■ What is expected ■
Read the lines below, and copy any that contain the string "celebra".

■ Task data ■
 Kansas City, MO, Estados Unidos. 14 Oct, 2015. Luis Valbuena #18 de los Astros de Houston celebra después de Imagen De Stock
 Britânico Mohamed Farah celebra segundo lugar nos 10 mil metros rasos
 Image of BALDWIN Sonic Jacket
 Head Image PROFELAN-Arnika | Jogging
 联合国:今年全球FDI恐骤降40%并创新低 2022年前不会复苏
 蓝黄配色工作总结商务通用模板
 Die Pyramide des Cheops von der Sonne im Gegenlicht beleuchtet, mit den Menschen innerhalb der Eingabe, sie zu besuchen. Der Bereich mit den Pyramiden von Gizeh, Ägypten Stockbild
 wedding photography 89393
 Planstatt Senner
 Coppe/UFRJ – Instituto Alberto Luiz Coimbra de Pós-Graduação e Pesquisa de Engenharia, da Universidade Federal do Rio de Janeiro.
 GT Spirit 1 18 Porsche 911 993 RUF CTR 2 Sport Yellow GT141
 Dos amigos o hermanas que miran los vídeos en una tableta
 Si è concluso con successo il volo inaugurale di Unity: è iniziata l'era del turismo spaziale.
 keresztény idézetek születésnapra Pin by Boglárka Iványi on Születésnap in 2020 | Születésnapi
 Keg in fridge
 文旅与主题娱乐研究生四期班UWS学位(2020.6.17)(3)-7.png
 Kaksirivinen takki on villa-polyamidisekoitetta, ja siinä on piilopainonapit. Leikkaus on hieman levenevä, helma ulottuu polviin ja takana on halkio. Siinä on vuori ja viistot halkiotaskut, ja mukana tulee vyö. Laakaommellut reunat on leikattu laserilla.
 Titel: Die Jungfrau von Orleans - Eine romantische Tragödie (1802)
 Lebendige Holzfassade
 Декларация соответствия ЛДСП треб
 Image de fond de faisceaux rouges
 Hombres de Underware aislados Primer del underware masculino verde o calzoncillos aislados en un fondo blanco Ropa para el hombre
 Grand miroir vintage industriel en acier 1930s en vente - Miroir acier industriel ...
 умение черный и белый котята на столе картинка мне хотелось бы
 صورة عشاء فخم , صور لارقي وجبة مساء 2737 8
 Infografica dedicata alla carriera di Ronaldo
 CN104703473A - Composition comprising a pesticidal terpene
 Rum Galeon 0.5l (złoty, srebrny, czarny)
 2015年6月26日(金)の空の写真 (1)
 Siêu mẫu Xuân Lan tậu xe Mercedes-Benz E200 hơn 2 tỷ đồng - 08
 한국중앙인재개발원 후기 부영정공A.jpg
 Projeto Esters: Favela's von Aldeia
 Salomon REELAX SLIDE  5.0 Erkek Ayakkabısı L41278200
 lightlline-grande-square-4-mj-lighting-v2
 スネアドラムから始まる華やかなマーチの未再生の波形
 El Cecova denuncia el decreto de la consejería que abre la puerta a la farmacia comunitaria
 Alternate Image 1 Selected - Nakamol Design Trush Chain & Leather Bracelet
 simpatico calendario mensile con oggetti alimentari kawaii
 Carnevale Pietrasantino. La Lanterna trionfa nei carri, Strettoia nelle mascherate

■ Answer for this exercise ■
 Kansas City, MO, Estados Unidos. 14 Oct, 2015. Luis Valbuena #18 de los Astros de Houston celebra después de Imagen De Stock
 Britânico Mohamed Farah celebra segundo lugar nos 10 mil metros rasos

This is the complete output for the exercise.